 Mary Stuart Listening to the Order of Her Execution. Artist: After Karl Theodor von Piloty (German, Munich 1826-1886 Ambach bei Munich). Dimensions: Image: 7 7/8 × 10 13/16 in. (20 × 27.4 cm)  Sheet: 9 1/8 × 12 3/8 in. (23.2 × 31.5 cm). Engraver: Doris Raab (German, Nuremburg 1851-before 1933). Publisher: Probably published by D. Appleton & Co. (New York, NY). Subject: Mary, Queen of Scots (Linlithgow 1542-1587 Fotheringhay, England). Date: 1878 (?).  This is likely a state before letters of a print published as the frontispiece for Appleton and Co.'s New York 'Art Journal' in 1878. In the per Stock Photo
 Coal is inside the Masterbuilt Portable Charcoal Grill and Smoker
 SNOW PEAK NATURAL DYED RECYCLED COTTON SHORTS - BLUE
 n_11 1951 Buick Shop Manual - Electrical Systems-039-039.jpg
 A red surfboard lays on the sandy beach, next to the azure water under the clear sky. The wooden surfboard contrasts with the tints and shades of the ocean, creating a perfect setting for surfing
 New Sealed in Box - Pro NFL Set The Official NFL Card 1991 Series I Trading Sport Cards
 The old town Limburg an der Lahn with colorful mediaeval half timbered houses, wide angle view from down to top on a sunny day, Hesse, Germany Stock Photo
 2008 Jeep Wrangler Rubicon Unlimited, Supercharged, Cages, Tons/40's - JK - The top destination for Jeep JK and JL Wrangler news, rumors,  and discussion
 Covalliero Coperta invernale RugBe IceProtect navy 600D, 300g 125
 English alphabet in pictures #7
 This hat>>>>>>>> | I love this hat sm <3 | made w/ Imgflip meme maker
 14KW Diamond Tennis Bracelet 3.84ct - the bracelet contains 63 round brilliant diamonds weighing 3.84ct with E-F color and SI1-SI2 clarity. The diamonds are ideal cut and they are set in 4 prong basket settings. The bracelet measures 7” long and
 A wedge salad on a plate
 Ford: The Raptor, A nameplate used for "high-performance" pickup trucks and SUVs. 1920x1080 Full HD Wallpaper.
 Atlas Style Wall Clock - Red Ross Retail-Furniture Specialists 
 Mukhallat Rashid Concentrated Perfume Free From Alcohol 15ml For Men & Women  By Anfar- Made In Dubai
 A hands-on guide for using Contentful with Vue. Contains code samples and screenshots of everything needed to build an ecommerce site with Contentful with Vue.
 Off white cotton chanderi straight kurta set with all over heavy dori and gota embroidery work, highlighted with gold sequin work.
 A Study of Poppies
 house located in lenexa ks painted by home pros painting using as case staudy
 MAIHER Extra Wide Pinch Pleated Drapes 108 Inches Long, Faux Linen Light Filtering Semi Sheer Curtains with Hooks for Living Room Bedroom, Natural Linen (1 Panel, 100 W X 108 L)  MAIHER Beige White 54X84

—————

_What the task requires_
Extract the lines of the preceding material that run from the line with "2008 Jeep Wrangler" through the line with "Mukhallat Rashid Concentrated", inclusive, reproducing them exactly and adding nothing.

_Completed task_
 2008 Jeep Wrangler Rubicon Unlimited, Supercharged, Cages, Tons/40's - JK - The top destination for Jeep JK and JL Wrangler news, rumors,  and discussion
 Covalliero Coperta invernale RugBe IceProtect navy 600D, 300g 125
 English alphabet in pictures #7
 This hat>>>>>>>> | I love this hat sm <3 | made w/ Imgflip meme maker
 14KW Diamond Tennis Bracelet 3.84ct - the bracelet contains 63 round brilliant diamonds weighing 3.84ct with E-F color and SI1-SI2 clarity. The diamonds are ideal cut and they are set in 4 prong basket settings. The bracelet measures 7” long and
 A wedge salad on a plate
 Ford: The Raptor, A nameplate used for "high-performance" pickup trucks and SUVs. 1920x1080 Full HD Wallpaper.
 Atlas Style Wall Clock - Red Ross Retail-Furniture Specialists 
 Mukhallat Rashid Concentrated Perfume Free From Alcohol 15ml For Men & Women  By Anfar- Made In Dubai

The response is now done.